Given material ->
......

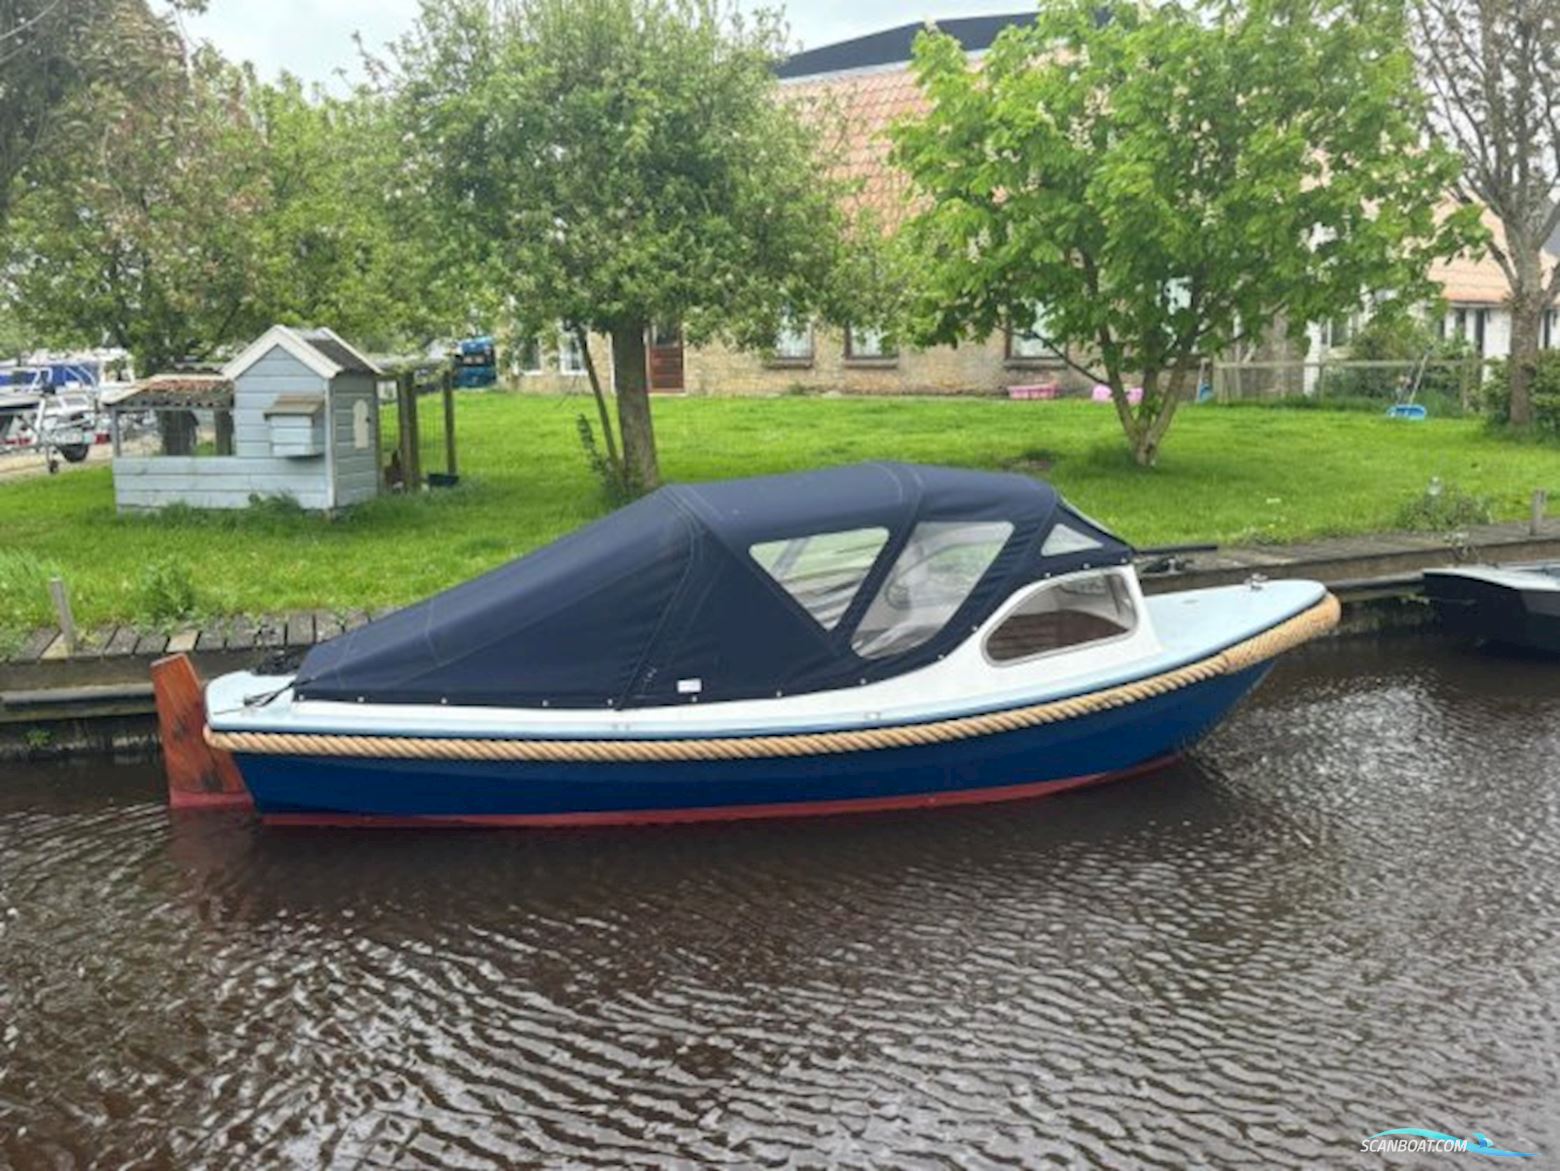 Schiffart Vlet 600 * Motor boat 2000, The Netherlands
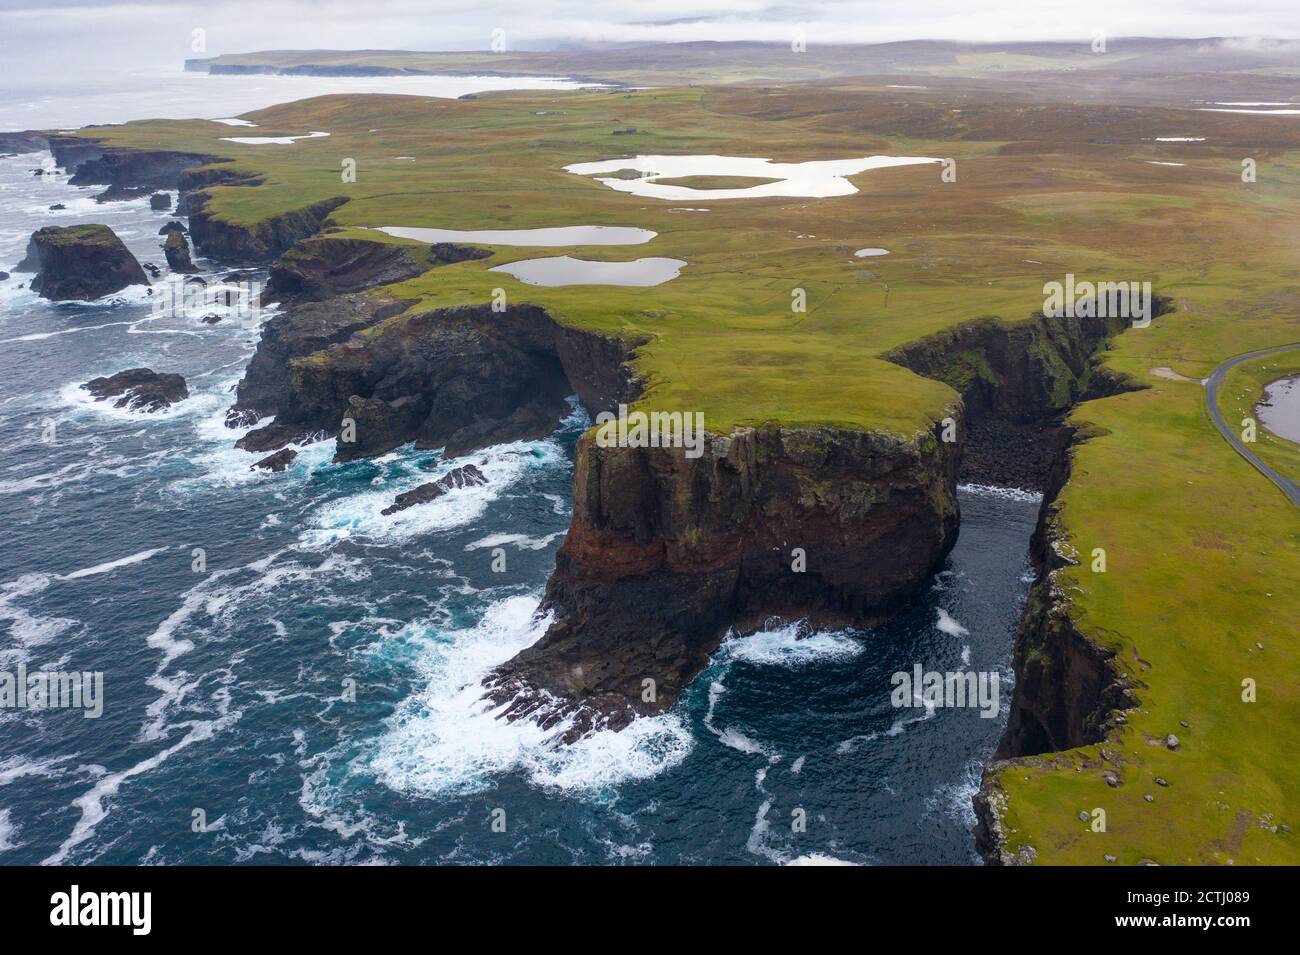 Spettacolari scogliere con Calder's Geo a destra, sulla costa di Eshaness a Northmavine , terraferma settentrionale delle Isole Shetland, Scozia, Regno Unito Foto Stock
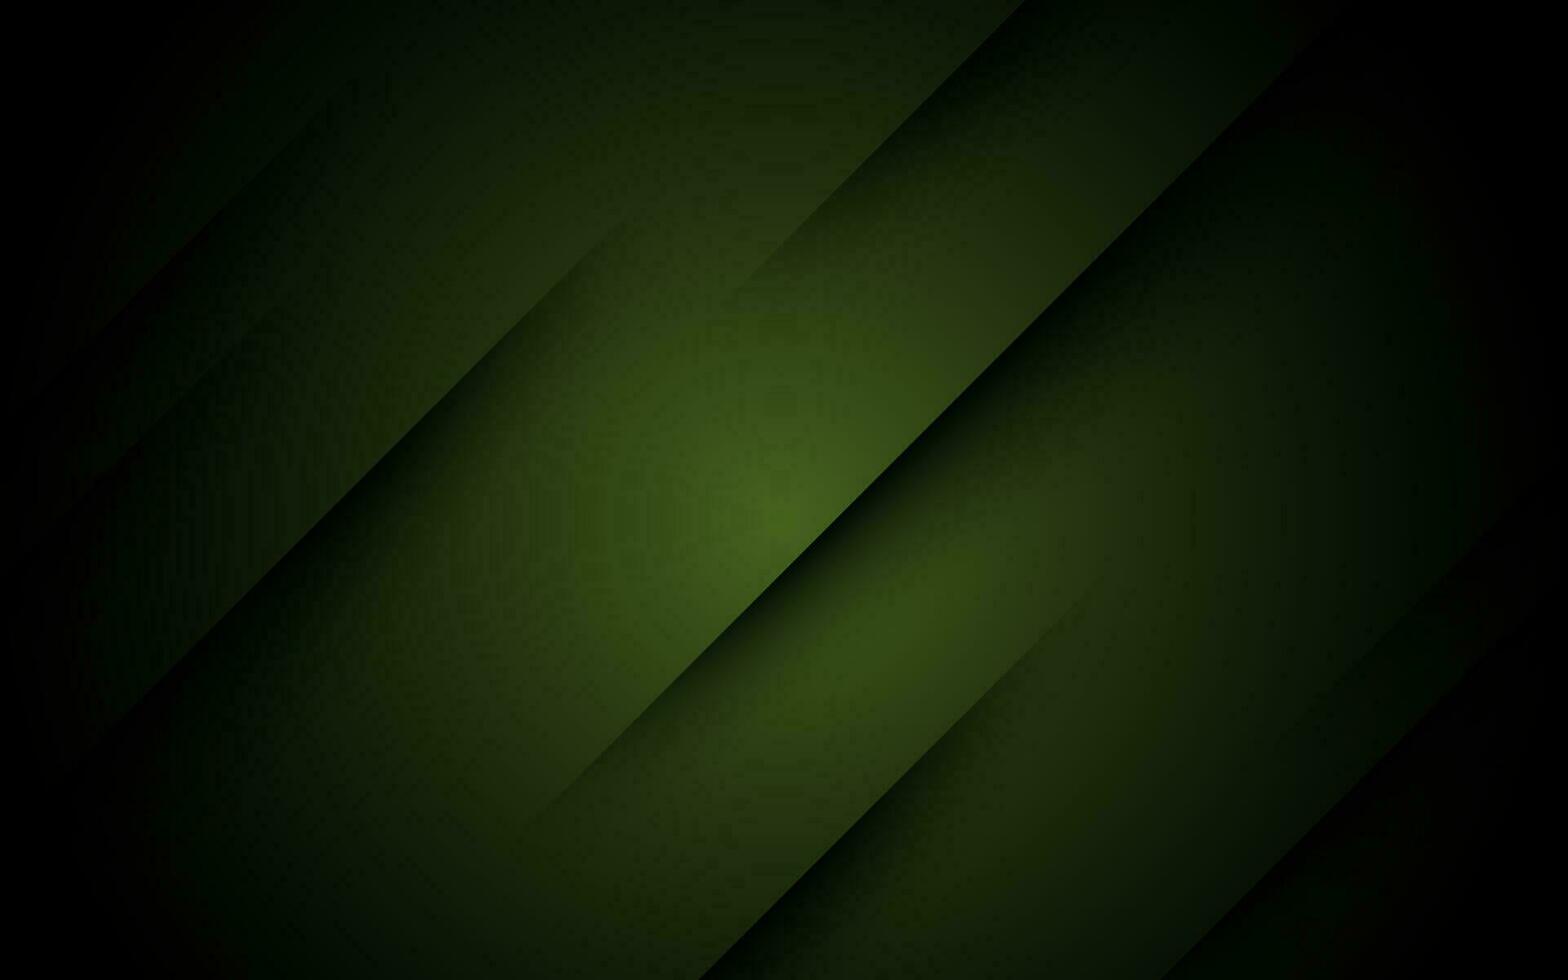 abstrakt schwarz Grün Gradient Farbe diagonal Streifen Schatten gestalten 3d aussehen Hintergrund. eps10 Vektor

......

Task brief -> Without including any picture, write out the material above exactly.

Exercise answer ->
 Schiffart Vlet 600 * Motor boat 2000, The Netherlands
 Spettacolari scogliere con Calder's Geo a destra, sulla costa di Eshaness a Northmavine , terraferma settentrionale delle Isole Shetland, Scozia, Regno Unito Foto Stock
 abstrakt schwarz Grün Gradient Farbe diagonal Streifen Schatten gestalten 3d aussehen Hintergrund. eps10 Vektor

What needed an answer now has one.